Great Expectations

Daily life involves thousands of expectations; so much so that we get used to having them constantly met, but if the gap between our expectations and the reality we find ourselves living in grows – that is when the challenge of disappointment begins.

If we make an effort to keep our expectations reasonable, then it is reasonable to assume that they are going to be realized. Right? Well, not always. The problem with being reasonable is that what is reasonable to you is weird or extreme to your husband/wife. And what is reasonable in the first year or two of marriage may not be after five years of marriage and a couple of kids.

For example, you might have an expectation that your wife is never late, or that she must look like she has just walked out of the salon. You may expect your husband to always give you the sympathy and empathy that you deserve. These are not reasonable and if you create a set of rigid expectations like these then your marriage is going to struggle.

I will throw out two reasonable expectations. Firstly, that the man of the family spends quality time with the children on a daily basis, and secondly that he works to provide us with a nicely comfortable life style. If you have both of these expectations at the same time they are very often going to come into conflict and you may find yourself with increasing levels of frustration.

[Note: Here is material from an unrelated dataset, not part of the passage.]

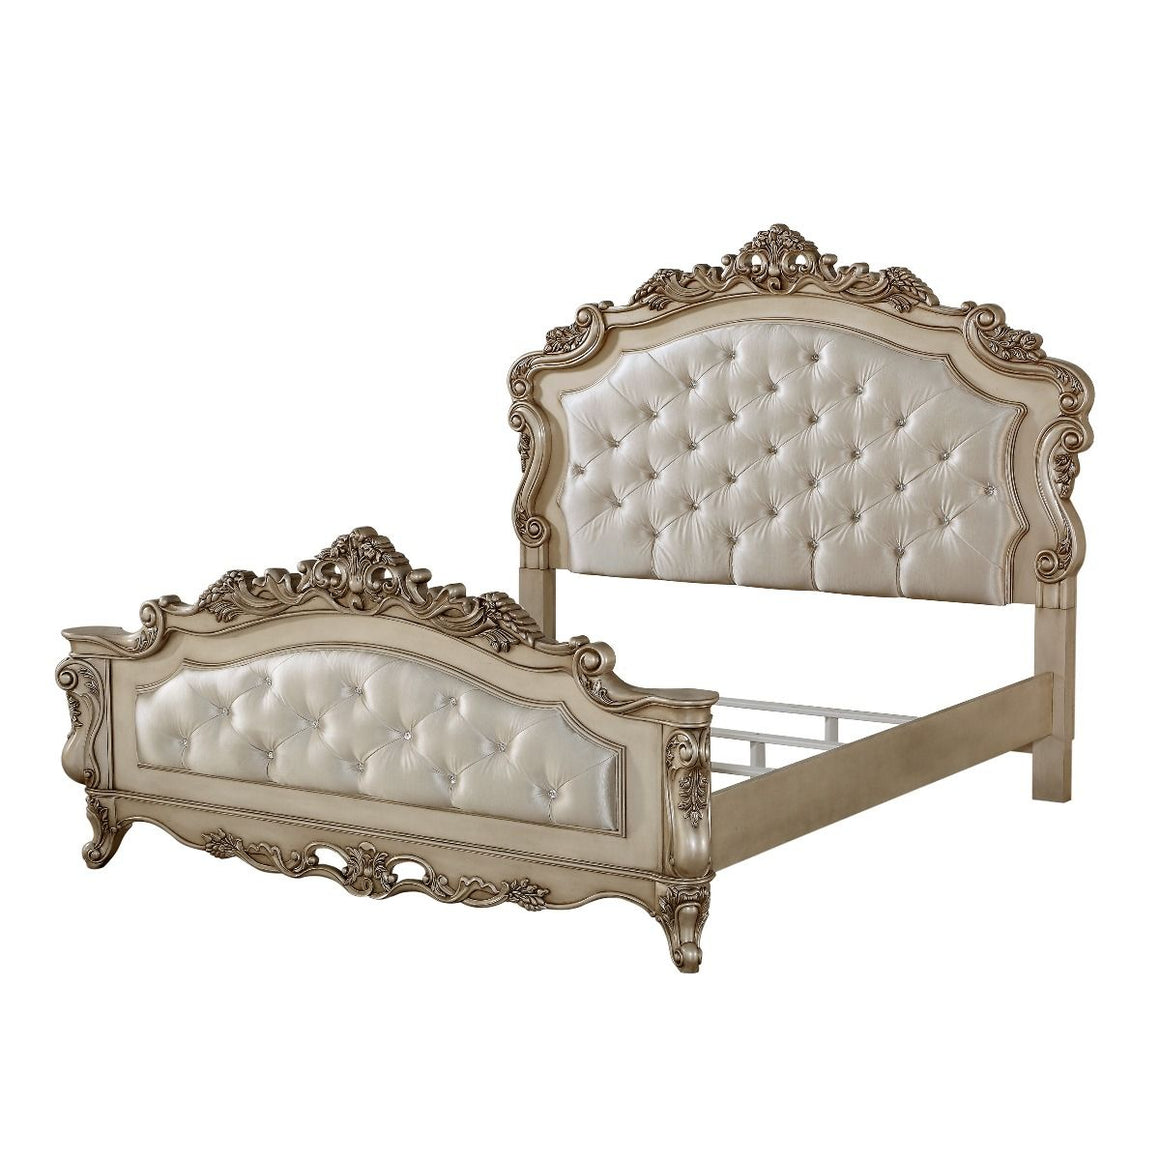 Gorsedd Bedroom Collection - Antiqued Champagne

This idea was investigated in a study of female doctors. They categorized the women into three groups. Those that put career first, even to the determent of their family, those that put their family first at the risk of not progressing professionally and thirdly those that intended to have a successful career and balanced family life without having to sacrifice either of them. Those that thought they could perform the balancing act were the group with the greatest levels of depression , anxiety and marital problems.

When choosing your priorities and the way that you expect your life to play out, make sure that you are being reasonable and consistent.